## THE PROBLEM:
Reproduce the complete set of records, exactly as they appear.

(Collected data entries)
┏━━

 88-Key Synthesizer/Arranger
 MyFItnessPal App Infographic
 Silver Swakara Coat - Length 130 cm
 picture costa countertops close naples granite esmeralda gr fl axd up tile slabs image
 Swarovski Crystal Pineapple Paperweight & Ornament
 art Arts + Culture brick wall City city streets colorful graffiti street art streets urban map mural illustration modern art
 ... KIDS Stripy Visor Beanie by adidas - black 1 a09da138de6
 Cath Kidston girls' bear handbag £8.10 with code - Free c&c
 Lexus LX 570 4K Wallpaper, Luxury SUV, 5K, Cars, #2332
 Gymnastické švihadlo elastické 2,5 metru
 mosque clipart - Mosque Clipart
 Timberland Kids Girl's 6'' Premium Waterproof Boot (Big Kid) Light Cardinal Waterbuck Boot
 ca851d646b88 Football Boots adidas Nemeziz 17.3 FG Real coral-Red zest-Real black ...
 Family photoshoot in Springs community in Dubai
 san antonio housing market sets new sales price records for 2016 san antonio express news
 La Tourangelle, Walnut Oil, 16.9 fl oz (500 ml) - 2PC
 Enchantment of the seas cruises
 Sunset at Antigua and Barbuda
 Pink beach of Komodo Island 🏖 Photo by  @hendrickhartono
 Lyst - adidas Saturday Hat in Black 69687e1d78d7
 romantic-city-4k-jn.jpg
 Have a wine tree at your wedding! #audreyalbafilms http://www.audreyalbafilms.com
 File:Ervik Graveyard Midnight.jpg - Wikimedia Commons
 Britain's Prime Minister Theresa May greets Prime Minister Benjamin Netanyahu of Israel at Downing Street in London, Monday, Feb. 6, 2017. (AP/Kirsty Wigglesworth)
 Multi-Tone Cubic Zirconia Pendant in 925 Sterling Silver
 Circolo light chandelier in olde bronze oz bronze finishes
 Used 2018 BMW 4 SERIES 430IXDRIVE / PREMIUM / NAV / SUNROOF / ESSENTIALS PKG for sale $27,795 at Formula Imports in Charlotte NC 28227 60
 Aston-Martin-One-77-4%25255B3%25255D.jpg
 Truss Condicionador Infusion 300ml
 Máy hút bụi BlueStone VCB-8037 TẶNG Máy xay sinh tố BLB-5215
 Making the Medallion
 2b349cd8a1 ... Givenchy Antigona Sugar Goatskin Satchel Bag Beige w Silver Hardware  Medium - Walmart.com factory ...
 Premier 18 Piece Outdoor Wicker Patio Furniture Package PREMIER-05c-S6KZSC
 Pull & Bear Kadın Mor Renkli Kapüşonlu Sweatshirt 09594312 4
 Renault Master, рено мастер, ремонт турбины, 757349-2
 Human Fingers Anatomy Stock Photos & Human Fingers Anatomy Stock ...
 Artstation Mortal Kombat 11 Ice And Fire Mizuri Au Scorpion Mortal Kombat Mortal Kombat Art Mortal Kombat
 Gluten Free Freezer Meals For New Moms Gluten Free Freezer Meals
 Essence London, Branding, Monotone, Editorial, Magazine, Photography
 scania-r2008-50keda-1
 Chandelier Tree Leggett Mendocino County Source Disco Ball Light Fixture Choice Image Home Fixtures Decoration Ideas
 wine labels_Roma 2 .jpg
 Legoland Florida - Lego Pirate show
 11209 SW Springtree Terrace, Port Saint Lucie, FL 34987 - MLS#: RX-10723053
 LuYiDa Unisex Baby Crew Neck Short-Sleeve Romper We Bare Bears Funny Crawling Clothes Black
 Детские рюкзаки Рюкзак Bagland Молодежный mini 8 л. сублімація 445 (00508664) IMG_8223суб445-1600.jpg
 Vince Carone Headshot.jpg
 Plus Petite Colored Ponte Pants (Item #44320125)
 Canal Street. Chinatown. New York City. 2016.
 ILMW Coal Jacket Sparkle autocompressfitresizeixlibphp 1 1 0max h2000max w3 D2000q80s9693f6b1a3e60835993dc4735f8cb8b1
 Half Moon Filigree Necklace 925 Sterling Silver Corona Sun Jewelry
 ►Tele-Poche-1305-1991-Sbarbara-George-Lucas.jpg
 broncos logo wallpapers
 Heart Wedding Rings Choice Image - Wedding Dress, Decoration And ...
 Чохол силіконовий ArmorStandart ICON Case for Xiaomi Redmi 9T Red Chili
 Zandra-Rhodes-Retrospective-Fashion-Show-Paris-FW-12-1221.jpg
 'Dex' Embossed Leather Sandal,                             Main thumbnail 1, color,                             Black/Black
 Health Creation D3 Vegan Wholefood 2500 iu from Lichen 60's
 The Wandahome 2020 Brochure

┗━━

## EXERCISE OUTPUT:
 88-Key Synthesizer/Arranger
 MyFItnessPal App Infographic
 Silver Swakara Coat - Length 130 cm
 picture costa countertops close naples granite esmeralda gr fl axd up tile slabs image
 Swarovski Crystal Pineapple Paperweight & Ornament
 art Arts + Culture brick wall City city streets colorful graffiti street art streets urban map mural illustration modern art
 ... KIDS Stripy Visor Beanie by adidas - black 1 a09da138de6
 Cath Kidston girls' bear handbag £8.10 with code - Free c&c
 Lexus LX 570 4K Wallpaper, Luxury SUV, 5K, Cars, #2332
 Gymnastické švihadlo elastické 2,5 metru
 mosque clipart - Mosque Clipart
 Timberland Kids Girl's 6'' Premium Waterproof Boot (Big Kid) Light Cardinal Waterbuck Boot
 ca851d646b88 Football Boots adidas Nemeziz 17.3 FG Real coral-Red zest-Real black ...
 Family photoshoot in Springs community in Dubai
 san antonio housing market sets new sales price records for 2016 san antonio express news
 La Tourangelle, Walnut Oil, 16.9 fl oz (500 ml) - 2PC
 Enchantment of the seas cruises
 Sunset at Antigua and Barbuda
 Pink beach of Komodo Island 🏖 Photo by  @hendrickhartono
 Lyst - adidas Saturday Hat in Black 69687e1d78d7
 romantic-city-4k-jn.jpg
 Have a wine tree at your wedding! #audreyalbafilms http://www.audreyalbafilms.com
 File:Ervik Graveyard Midnight.jpg - Wikimedia Commons
 Britain's Prime Minister Theresa May greets Prime Minister Benjamin Netanyahu of Israel at Downing Street in London, Monday, Feb. 6, 2017. (AP/Kirsty Wigglesworth)
 Multi-Tone Cubic Zirconia Pendant in 925 Sterling Silver
 Circolo light chandelier in olde bronze oz bronze finishes
 Used 2018 BMW 4 SERIES 430IXDRIVE / PREMIUM / NAV / SUNROOF / ESSENTIALS PKG for sale $27,795 at Formula Imports in Charlotte NC 28227 60
 Aston-Martin-One-77-4%25255B3%25255D.jpg
 Truss Condicionador Infusion 300ml
 Máy hút bụi BlueStone VCB-8037 TẶNG Máy xay sinh tố BLB-5215
 Making the Medallion
 2b349cd8a1 ... Givenchy Antigona Sugar Goatskin Satchel Bag Beige w Silver Hardware  Medium - Walmart.com factory ...
 Premier 18 Piece Outdoor Wicker Patio Furniture Package PREMIER-05c-S6KZSC
 Pull & Bear Kadın Mor Renkli Kapüşonlu Sweatshirt 09594312 4
 Renault Master, рено мастер, ремонт турбины, 757349-2
 Human Fingers Anatomy Stock Photos & Human Fingers Anatomy Stock ...
 Artstation Mortal Kombat 11 Ice And Fire Mizuri Au Scorpion Mortal Kombat Mortal Kombat Art Mortal Kombat
 Gluten Free Freezer Meals For New Moms Gluten Free Freezer Meals
 Essence London, Branding, Monotone, Editorial, Magazine, Photography
 scania-r2008-50keda-1
 Chandelier Tree Leggett Mendocino County Source Disco Ball Light Fixture Choice Image Home Fixtures Decoration Ideas
 wine labels_Roma 2 .jpg
 Legoland Florida - Lego Pirate show
 11209 SW Springtree Terrace, Port Saint Lucie, FL 34987 - MLS#: RX-10723053
 LuYiDa Unisex Baby Crew Neck Short-Sleeve Romper We Bare Bears Funny Crawling Clothes Black
 Детские рюкзаки Рюкзак Bagland Молодежный mini 8 л. сублімація 445 (00508664) IMG_8223суб445-1600.jpg
 Vince Carone Headshot.jpg
 Plus Petite Colored Ponte Pants (Item #44320125)
 Canal Street. Chinatown. New York City. 2016.
 ILMW Coal Jacket Sparkle autocompressfitresizeixlibphp 1 1 0max h2000max w3 D2000q80s9693f6b1a3e60835993dc4735f8cb8b1
 Half Moon Filigree Necklace 925 Sterling Silver Corona Sun Jewelry
 ►Tele-Poche-1305-1991-Sbarbara-George-Lucas.jpg
 broncos logo wallpapers
 Heart Wedding Rings Choice Image - Wedding Dress, Decoration And ...
 Чохол силіконовий ArmorStandart ICON Case for Xiaomi Redmi 9T Red Chili
 Zandra-Rhodes-Retrospective-Fashion-Show-Paris-FW-12-1221.jpg
 'Dex' Embossed Leather Sandal,                             Main thumbnail 1, color,                             Black/Black
 Health Creation D3 Vegan Wholefood 2500 iu from Lichen 60's
 The Wandahome 2020 Brochure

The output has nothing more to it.